Updated: March 28, 2014 5:00 a.m.

It doesn’t matter whether you’re a fan of the Gamecocks, Tigers, Bulldogs or Wolfpack. The face of college sports could change radically following a ruling earlier this week that football players at Northwestern University have the right to form a labor union. A National Labor Relations Board official ruled that at that academically exclusive school, athletes who receive full scholarships are considered employees under federal law and thus can unionize.

The decision, which will be appealed, has the potential to change the entire structure of big-time college athletics. There are many factors involved in the decision and the plan by football players to gain more benefits, but all of them strike at the heart of the scholarship system, in which gifted athletes are given free rides in return for their prowess on the playing fields -- or courts, or pools, or whichever venue you happen to choose. An NBC poll showed that 91 percent of Americans disagree with the NLRB’s ruling.
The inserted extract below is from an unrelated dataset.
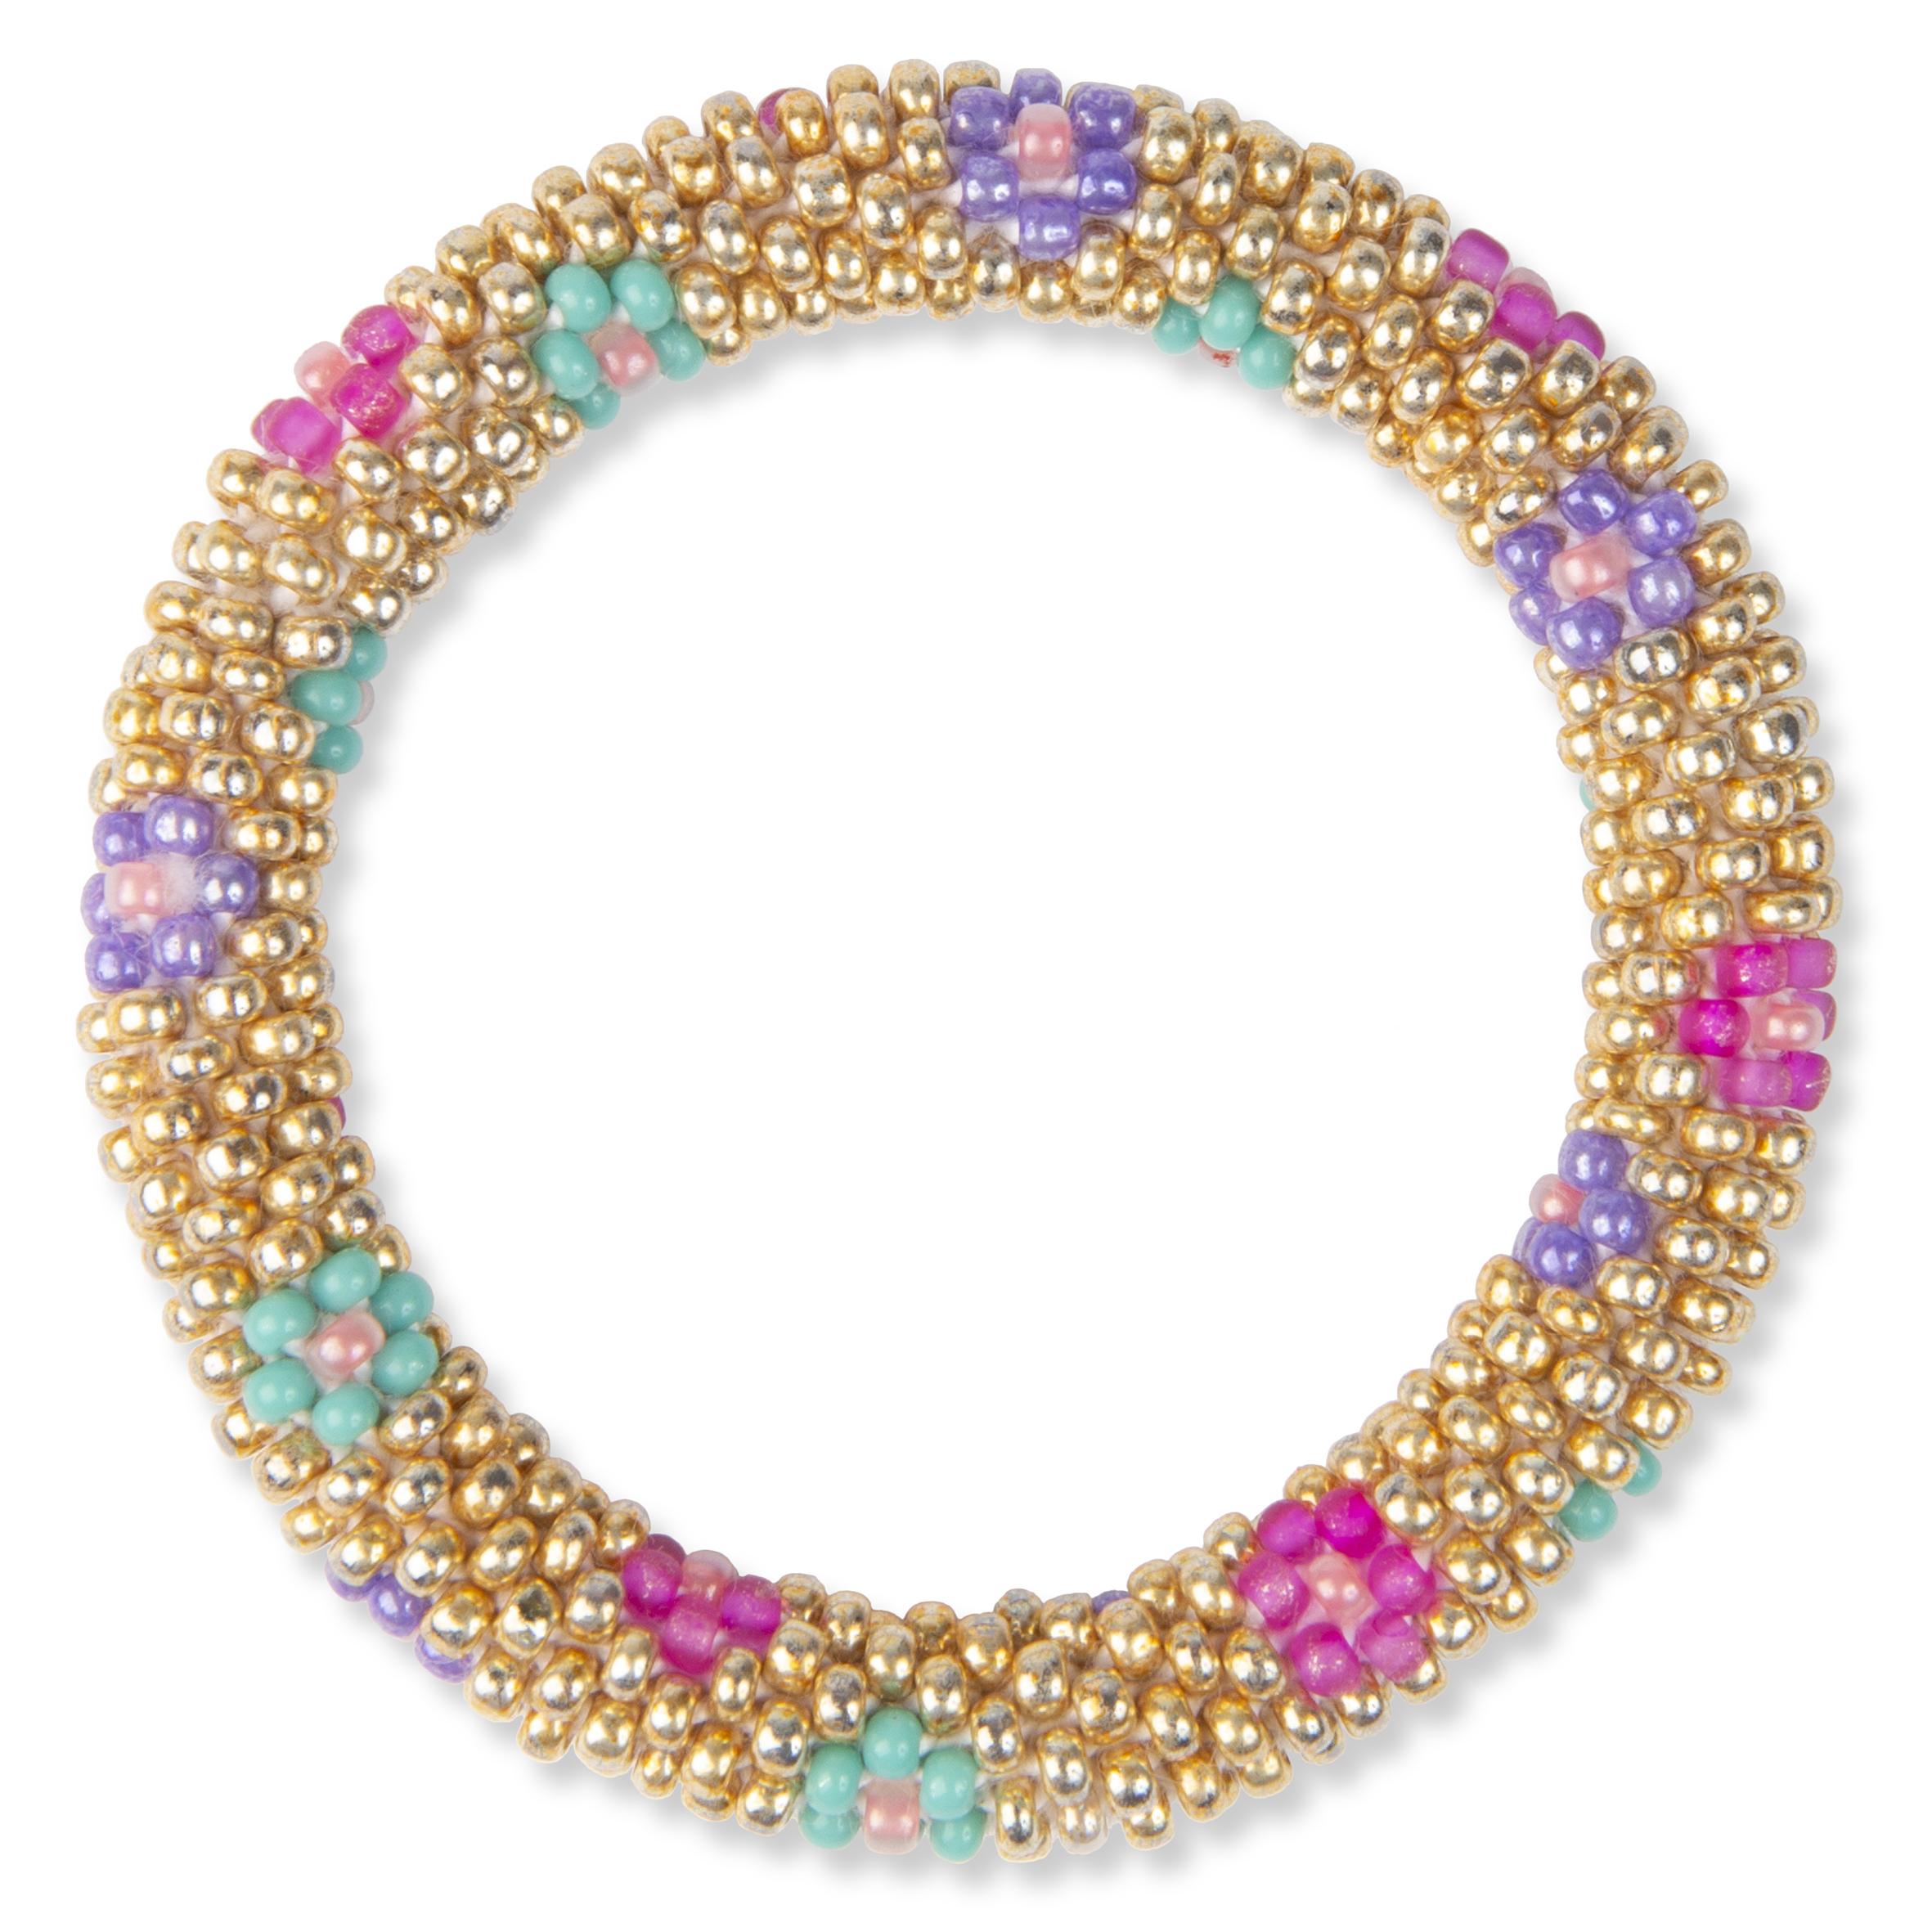 Barnsmycke pfg Stockholm Pearls Kids-Crochet Bracelet 11005-07

There has been controversy for years over the power of college sports -- football in particular -- and the fact that at many schools, a preponderance of girdiron players are admitted under special circumstances which allow them to bypass normal academic guidelines. And there have been startling revelations, among them the scandal at the University of North Carolina in which the chairman of the African-American Studies department held courses in which enrollees didn’t even have to attend class but were rewarded good grades that kept them eligible for football. That professor has since been indicted.

College football -- and basketball, to a lesser degree -- is big business, generating billions of dollars, and it provides entertainment to millions of alumni and other fans. The game could be in for wholesale changes if the NLRB ruling is upheld and athletes begin to unionize.